食に関してこの両種はハエ、アブ、セミ、トンボ、小型のコガネムシ、ガの幼虫である青虫や毛虫などたいていの昆虫やクモを狩って幼虫に与えている。
これだけの融通性があれば、都市でも緑の多い環境なら、餌の調達は可能であろう。
この点、コガタスズメバチは行動半径が巣から普通は1キロ以内なので、市街地化が進み緑の環境が少なくなると未開発地へ退行を余儀なくされるだろう。
ただし、このスズメバチは営巣規模が小さいのでそれほどたくさんの餌を必要としないから、営巣場所となる生け垣や庭木などがたくさんあるような住宅地ではじゅうぶんにやっていける。
小まわりがきくといえるだろう。
これにたいして、キイロスズメバチは営巣規模が格段に大きい。直径 40〜80センチ、高さ 60〜90センチという巨大な巣を軒下などにぶら下げるのだ。

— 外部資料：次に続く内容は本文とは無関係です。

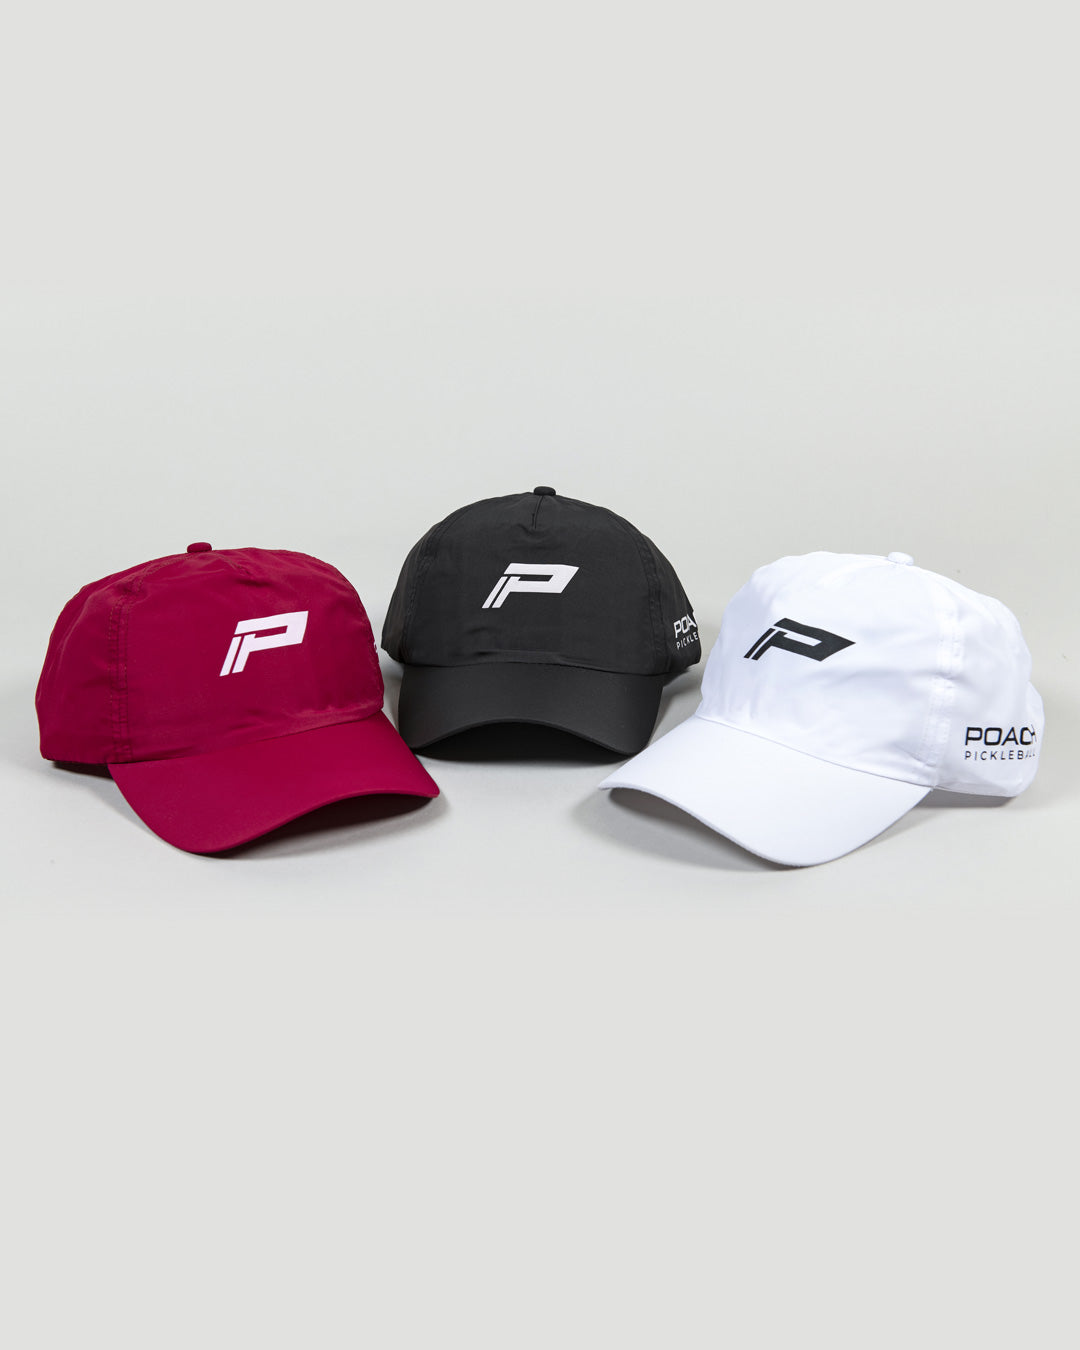 Poach Dri-fit Hat – “P” Logo

住宅地は営巣場所となる人家などには事欠かない。しかし、幼虫の餌として多量の昆虫やクモを必要とするため、巣のまわりだけではとてもまかないきれない。
そこで、数キロに及ぶ行動半径によって、住宅地に営巣したとしても近くに未開発の山野などがあれば、そこへ出かけて食物を調達することができる。
すなわち、コガタスズメバチは「食・住近接」が宿命であるが、キイロスズメバチは「食・住分離」でもやっていけるわけである。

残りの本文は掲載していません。